Every bill creates winners and losers. Here's who stands to gain and who bears the cost.

Who Benefits

  • High‑need Medi‑Cal members (those in ECM): They will have more consistent access to peers who can improve engagement, support navigation, and smooth transitions after crises, potentially reducing avoidable ED visits and hospitalizations.
  • Peer support specialists with lived experience (including people with prior justice involvement): The bill reduces categorical exclusionary barriers tied to criminal history and creates more explicit employment pathways within ECM.
  • Community‑based organizations (CBOs) that train or supply peers: The flexibility to meet the requirement through contracts or partnerships creates new revenue and partnership opportunities for CBOs.
  • Managed care plans and health systems focused on outcomes: Plans may gain a standardized tool (peers on teams) to drive member engagement and possibly lower utilization and costs tied to crises.

Who Bears the Cost

  • ECM providers and Medi‑Cal managed care plans: They will absorb hiring, contracting, supervision, training, and administrative costs to integrate peers and comply with new contract and monitoring requirements.
  • Department of Health Care Services (DHCS): DHCS must revise contracts and guidance, establish monitoring and compliance systems, and pursue federal approvals — work that will require implementation capacity and possibly additional funding.
  • Facilities and settings with mandatory federal background checks (e.g., certain skilled‑nursing facilities, schools): These sites will still need to follow screening mandates, complicating placement and staffing for peers and potentially increasing administrative coordination costs.
  • State or local budgets if federal financial participation is unavailable: Because implementation is conditioned on FFP, failure to secure federal funding could push costs onto state or county budgets or delay roll‑out.

Key Issues

The Core Tension

The bill balances two legitimate objectives that pull in opposite directions: expanding access to peer specialists by removing categorical criminal‑history exclusions versus maintaining safety, compliance with federal screening requirements, and program integrity; resolving that tension depends on DHCS’s ability to secure federal approvals, craft nuanced guidance, and fund meaningful supervision and workforce supports.

The bill’s central operational challenge is marrying the policy goal of expanding peer access with the complex web of federal Medicaid rules and setting‑specific screening mandates. The statutory bar on categorical disqualification aims to remove exclusionary hiring practices, but the provision is explicitly subordinate to federal regulations that may require criminal‑history screening for certain services or settings.

That creates administrative complexity: DHCS must identify where federal law permits flexibility, seek waivers or approvals where necessary, and design monitoring that enforces the requirement without jeopardizing federal financial participation.

A second tension lies in workforce reality and program integrity. Requiring “at least one” peer per ECM provider is administratively simple but risks tokenism if programs do not fund sufficient FTEs, supervision, or training.

Conversely, stronger supervision and documentation requirements raise costs and may disincentivize smaller CBOs from supplying peers.
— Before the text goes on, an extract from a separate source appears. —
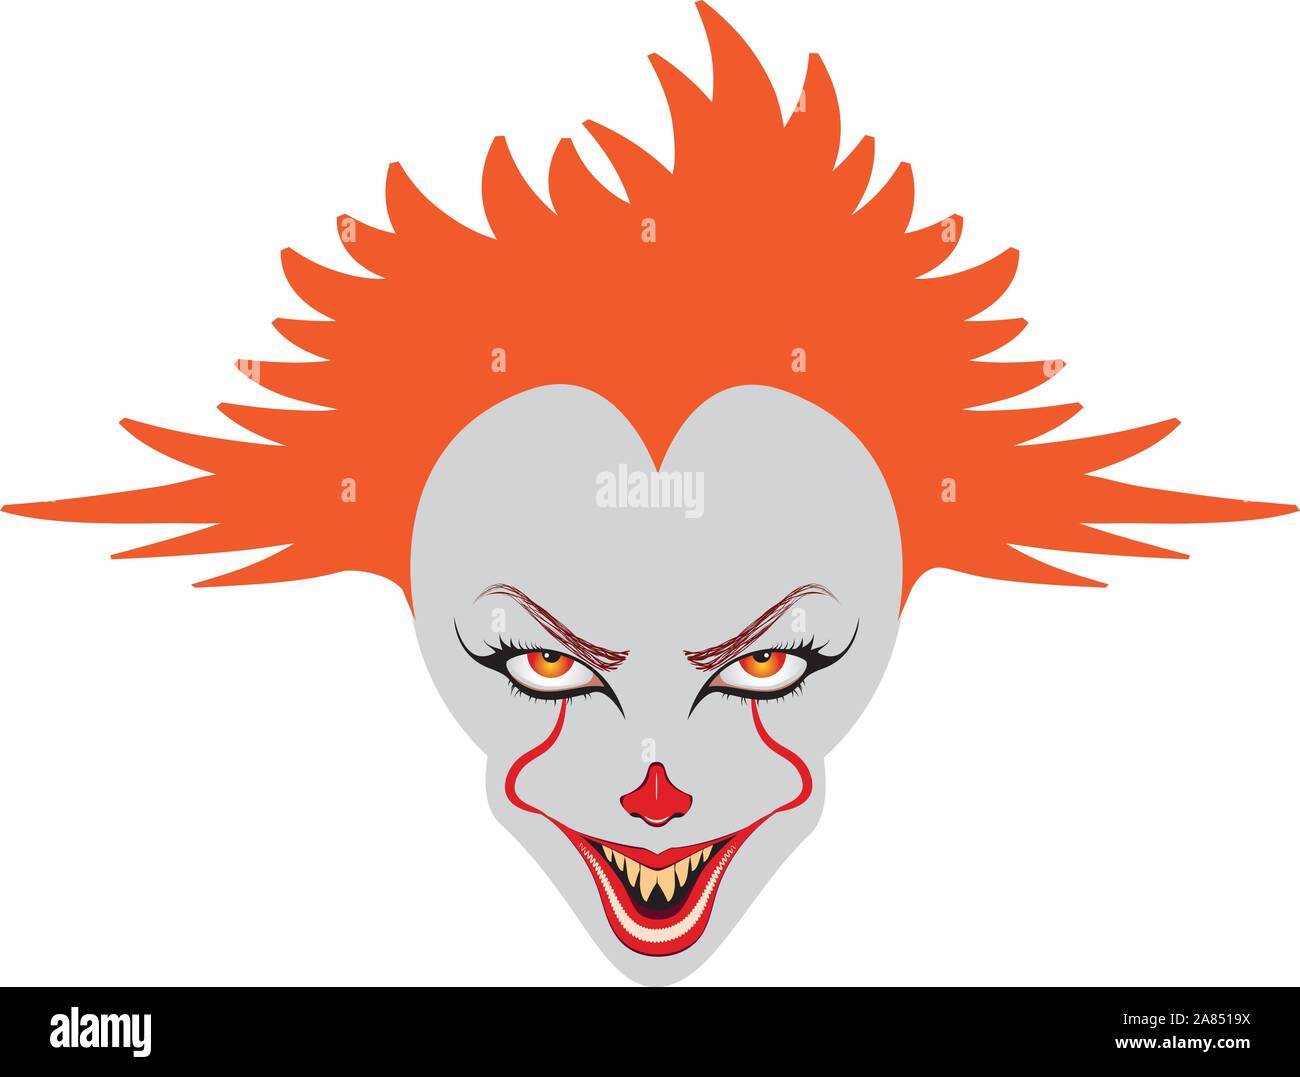 Cartoon creepy evil clown face for Halloween Stock Vector Image & Art -  Alamy

The bill preserves DHCS’s authority to set clinical and supervision standards — a necessary control point — but those standards will determine whether peers operate as integrated team members or as peripheral add‑ons.

Finally, liability, credentialing variability across counties, and site‑specific safety concerns (for example, peers placed in schools or inpatient settings subject to federal checks) will require careful operational guidance to avoid placement bottlenecks.